The Jewish Community Centre for London is the first major Jewish project to be credit-crunched. Escalating building costs and the economic slide have been cited as the reasons for putting the ambitious building scheme on hold.
Andrew Franklin, the publisher who chairs the JCC board, said: "What is so extraordinary is the economy is deteriorating so fast in banking, property, finance, hedge funds - areas where many of the most generous of likely donors are involved."
Meanwhile, he noted, building costs have risen by 15-20 per cent, with the price of steel and cement having doubled in a year. The 2012 London Olympics has also sparked a rise in labour costs, with engineers and surveyors being "sucked into" the massive effort to get the capital ready for the games.
The JCC's rethink was, he said, "a difficult and painful decision, but it would have imprudent not to take it.
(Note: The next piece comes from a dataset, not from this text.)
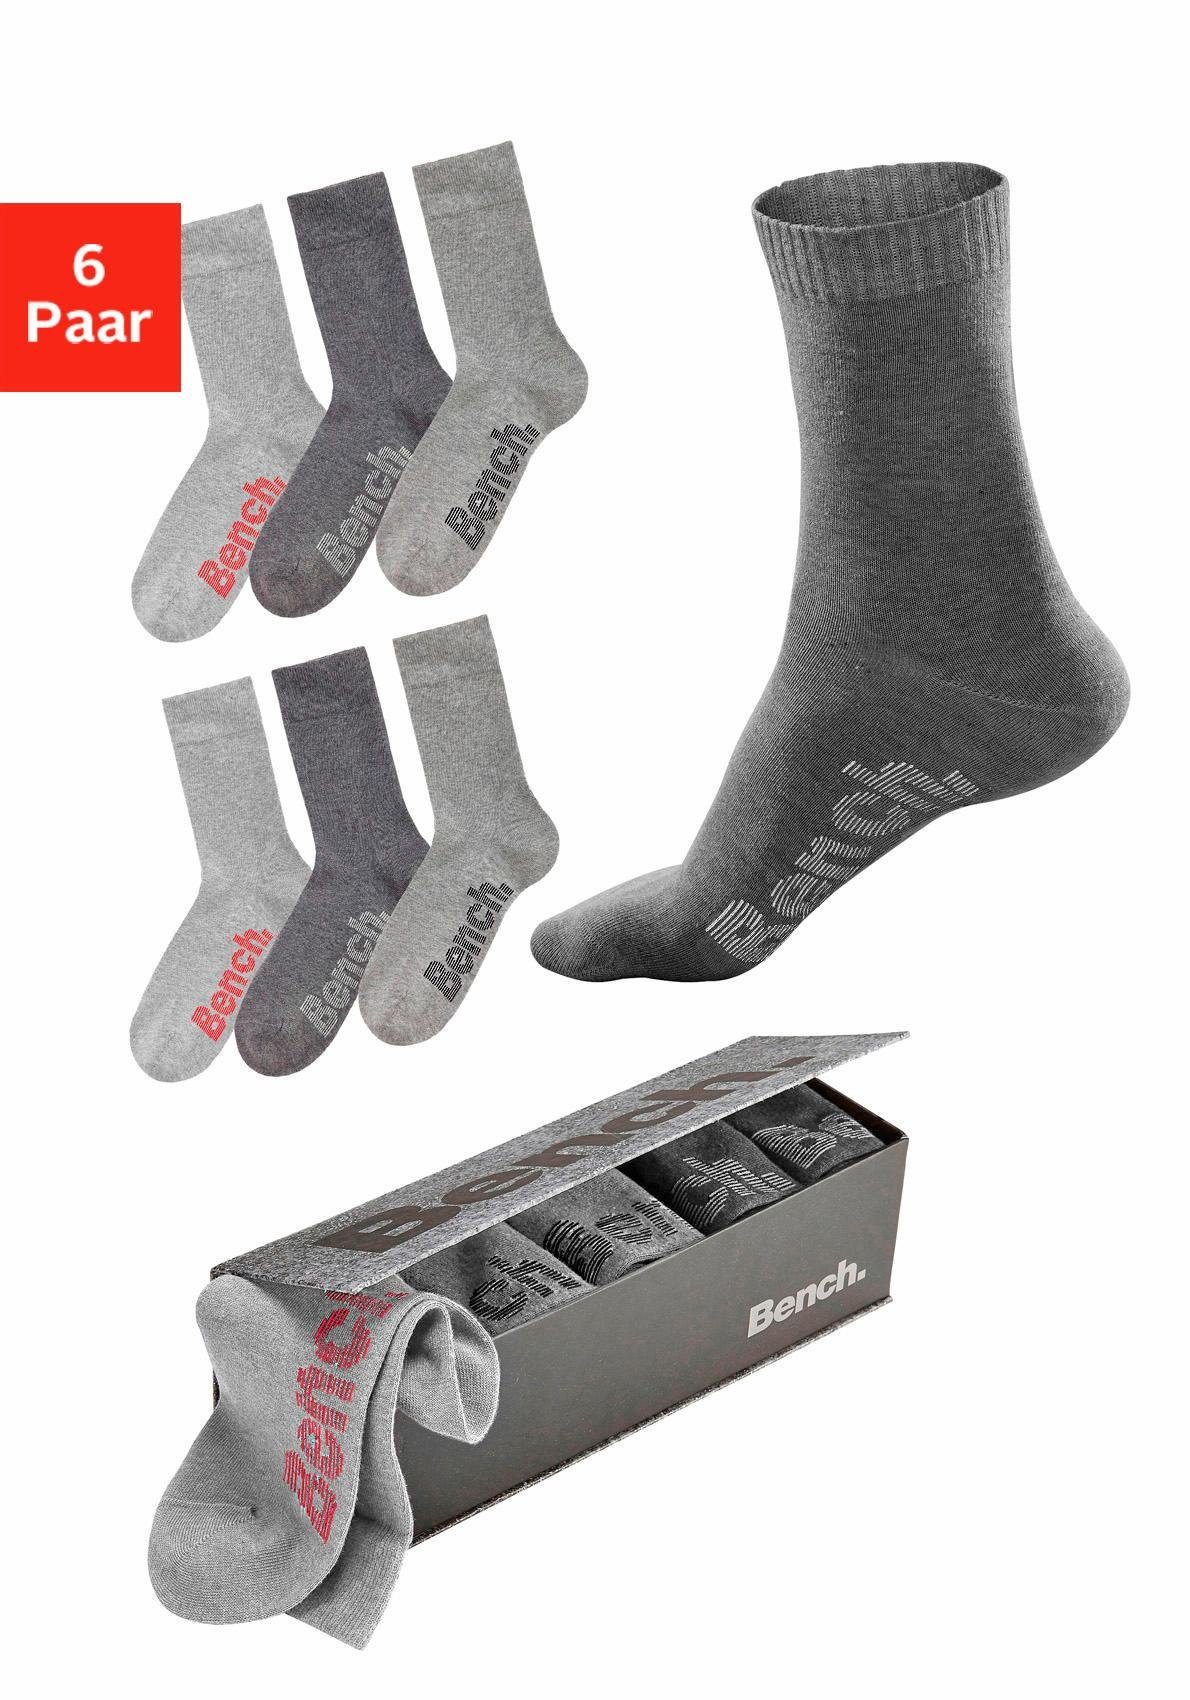 Bench. Socken (Set, 6-Paar) mit verschiedenfarbigen Logos grau-meliert
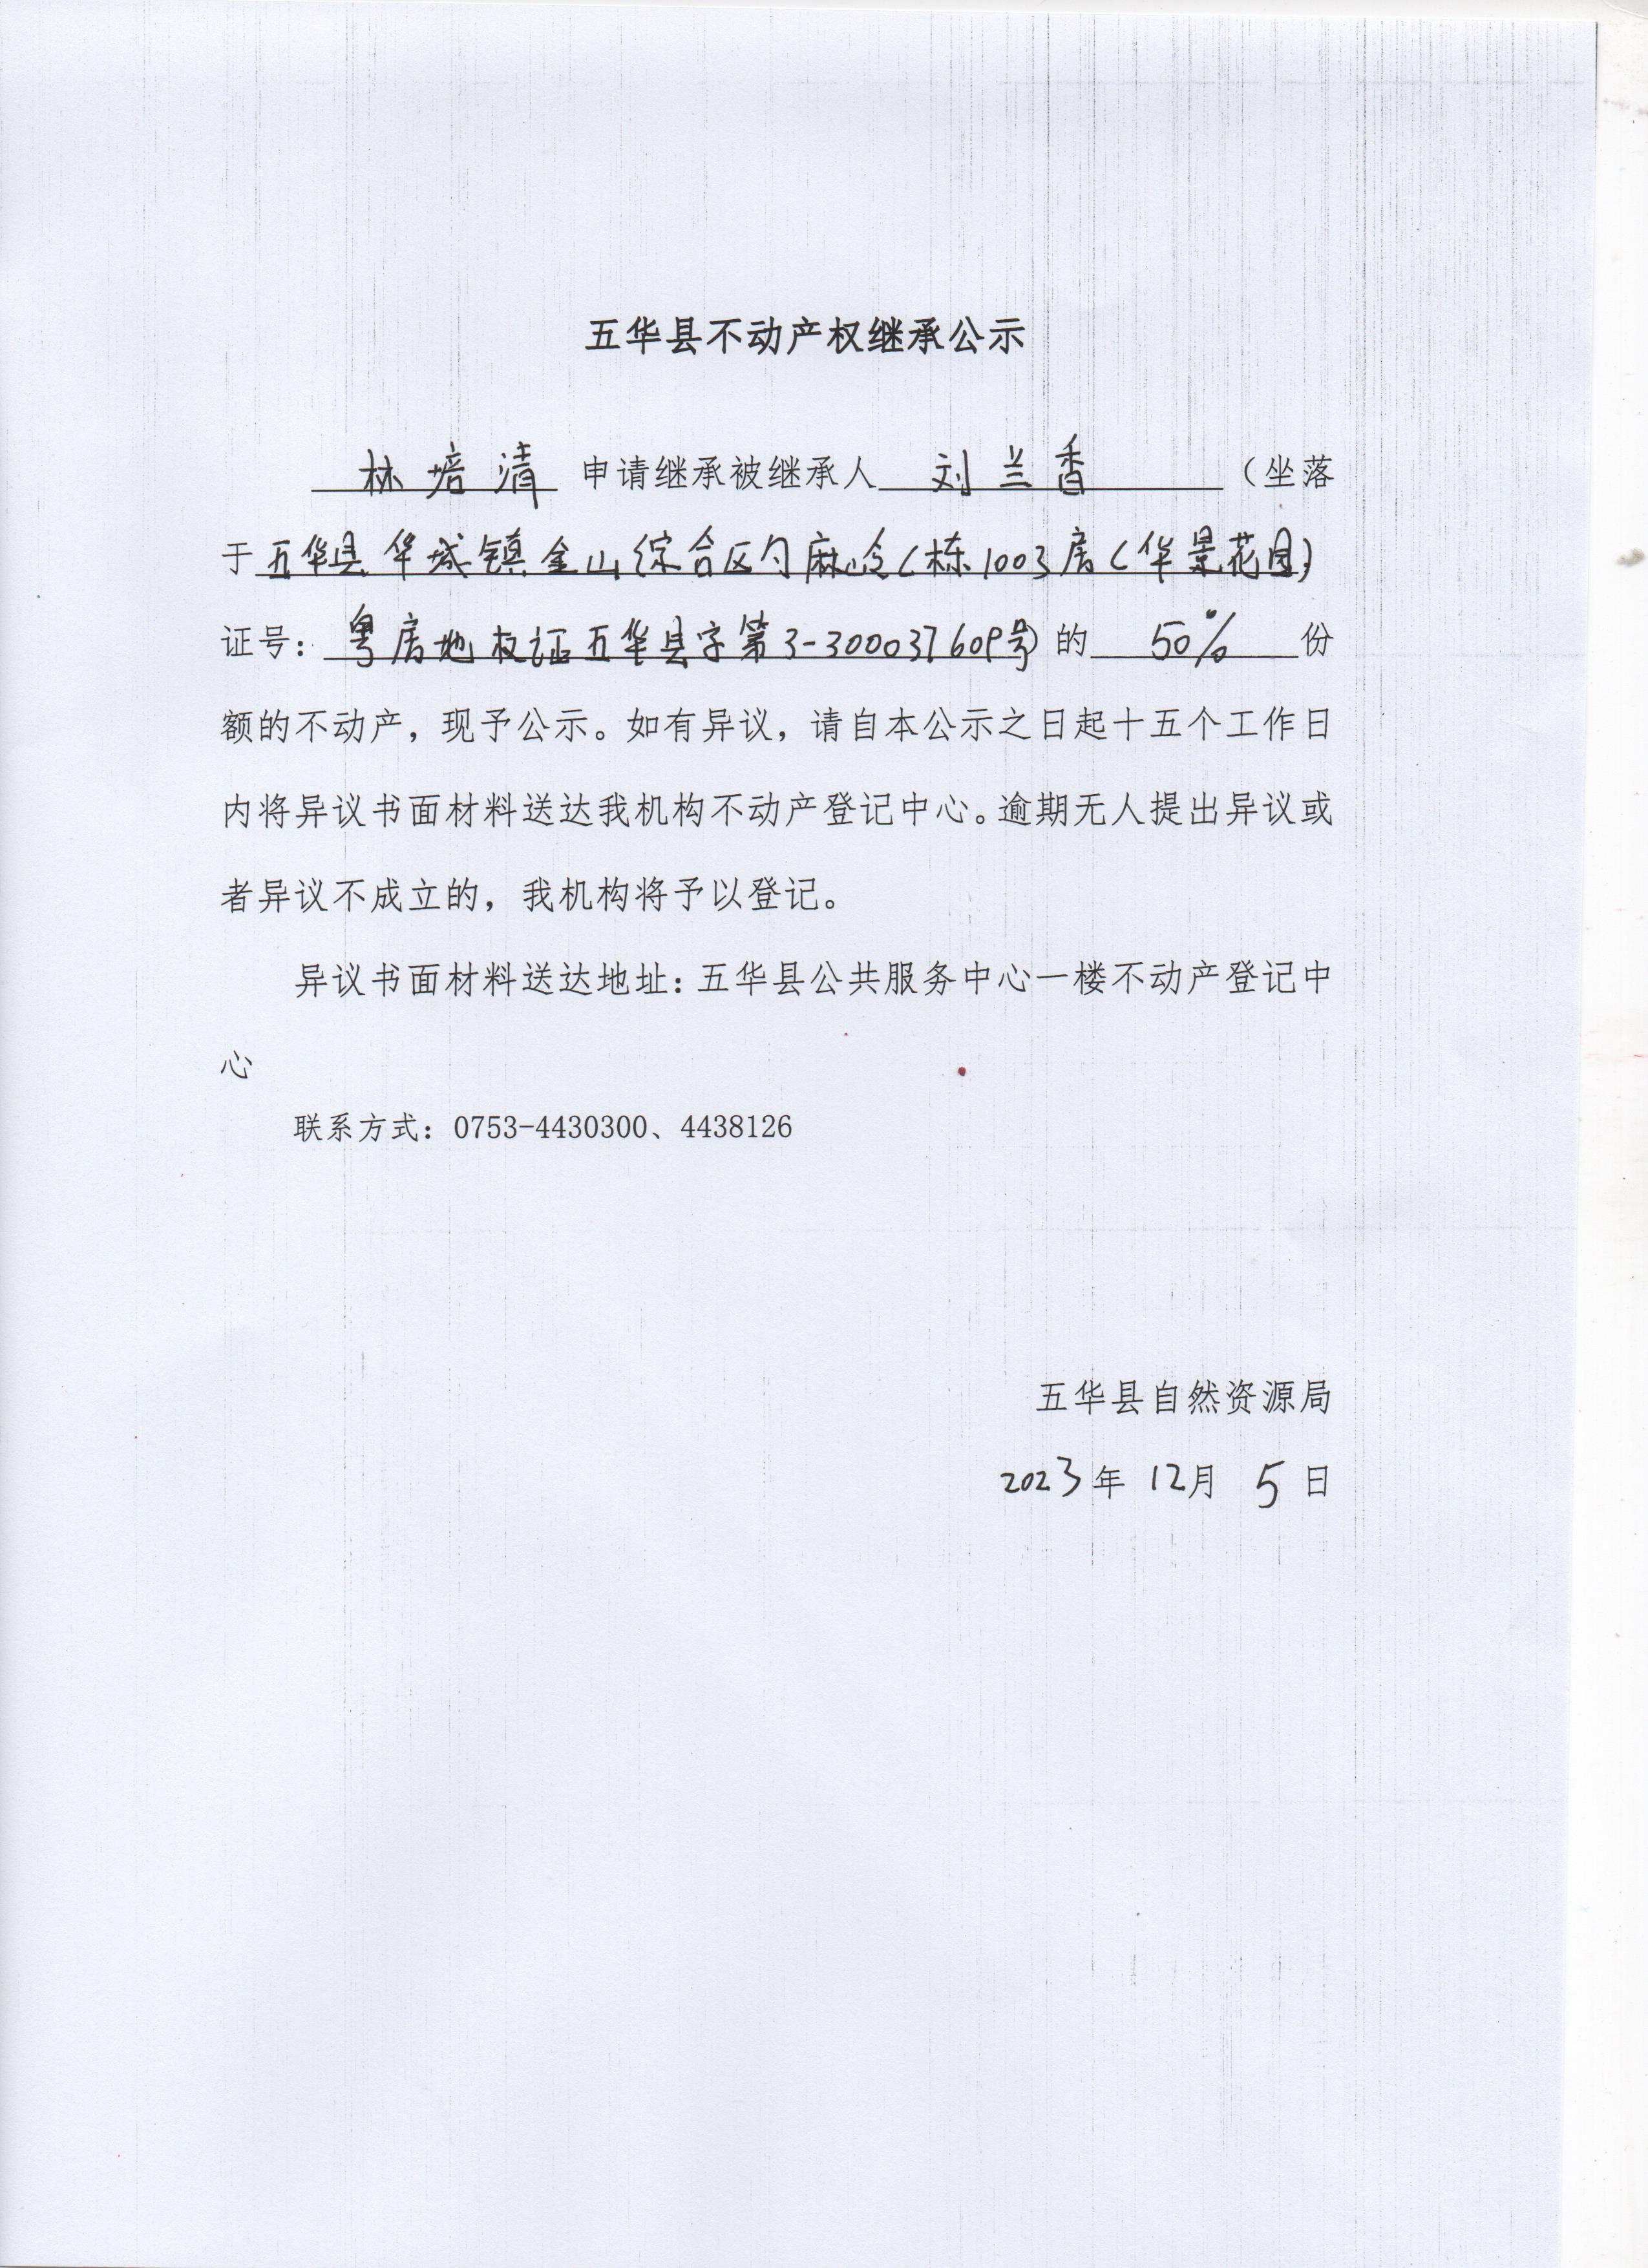 五华县不动产权继承公示（刘兰香） 001.jpg

But the vision remains."
No figures have been released for the cost of the building beyond a vague "tens of millions", but it would have required the community's biggest ever fundraising campaign for a capital project.
The new JCoSS school, due to open in two years, is due to cost £46 million, £36 million of which is likely to come from the government.
The JCC, however, faces the prospect of raising all its money from private sources - and even if a building does get off the ground, it has forecast that it will have to meet 20 to 30 per cent of its annual running costs from fundraising.
According to Allan Morgenthau, vice-president of the - some might say rival - London Jewish Cultural Centre, there is another reason why such a large-scale cultural project would find it difficult to attract enough money. "A lot of donors feel that money is required for social services, which are under enormous pressure," he said.
Even a JCC board comprising top fundraisers such as Sir Trevor Chinn, Lloyd Dorfman and Jennifer Moses felt no option but to rethink their grand ambitions.